I guess for me a lot of the reason that this is a masterpiece is because of how unexpected I found it to be. Once Papillon and Dega broke out, the film became this unexpected journey with many great new characters, introducing a climate that I’ve rarely seen in this context. It’s one that seeks to show how the world outside the prison system has some compassion, desiring to protect each other from harm. While there are some bad people out there, Papillon discovers that those who are free are kind, capable of expressing a love that he hasn’t felt in so long.

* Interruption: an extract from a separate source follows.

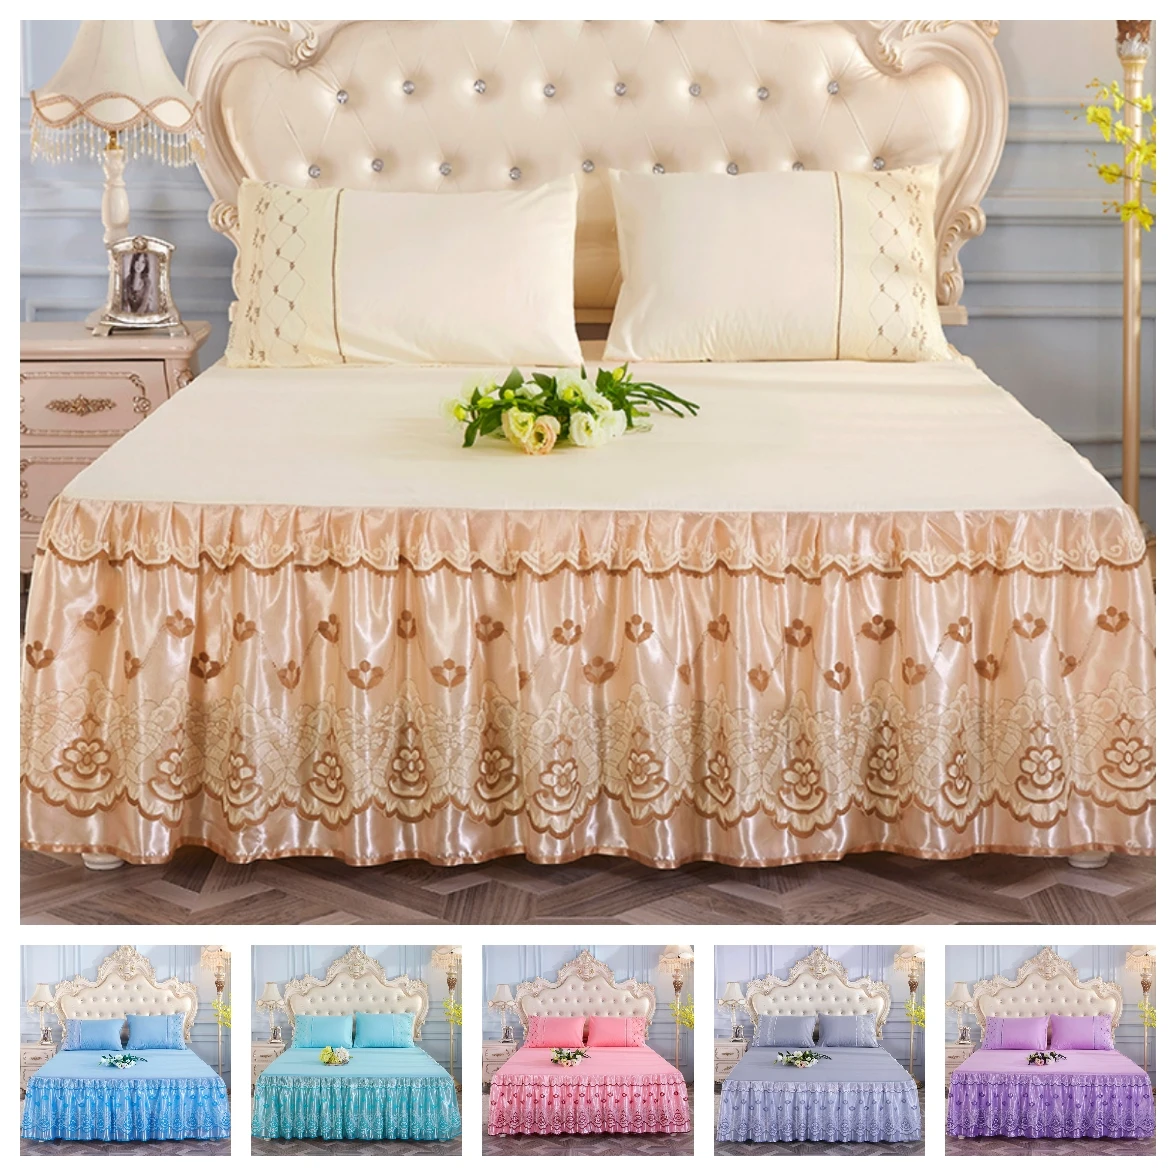 

3 Pcs Princess Bedding Solid Ruffled Bed Skirt Pillowcases Lace Bed Sheets Mattress Cover King Queen Full Twin Size Bed Cover
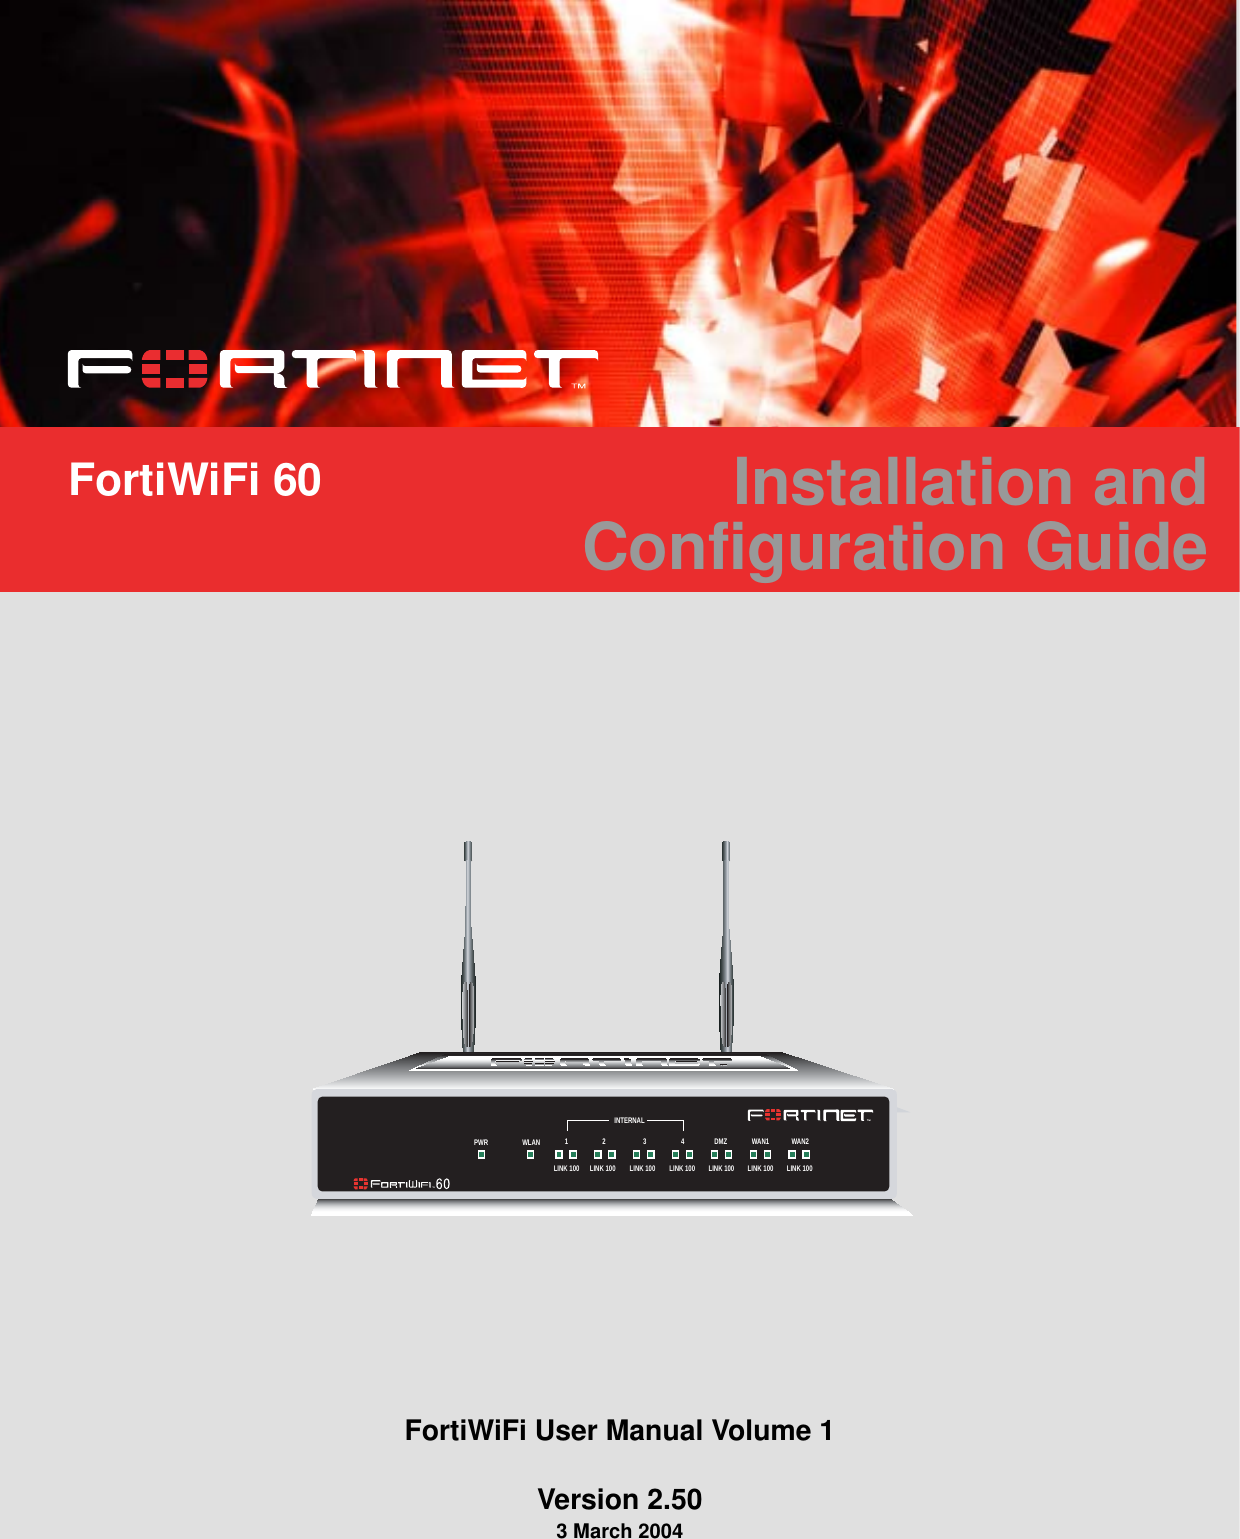 FortiWiFi 60 Installation andConfiguration GuideINTERNALDMZ4321LINK 100 LINK 100 LINK 100 LINK 100 LINK 100 LINK 100 LINK 100WAN1 WAN2PWR WLANFortiWiFi User Manual Volume 1Version 2.503 March 2004

It’s beautiful in its simplicity, even if it works within the greater context of a man still continuing on a journey with a largely unknown ending.
The film tells us that Papillon made it to freedom. The book that this is adapted from tells us a similar story. But the thing that becomes incredible isn’t only the strength of the will, but how even outside of the prison, imprisonment becomes more of an abstract concept that traps Papillon until the very end. He is determined to escape, symbolized by these islands that can become as small as a raft. In some ways, we’re all trying to escape something, even if it’s more mundane. It puts into context what value we should have in our freedoms, our desire to be happy, and use our life to its full advantage. It’s only when it’s taken away does it truly begins to make sense.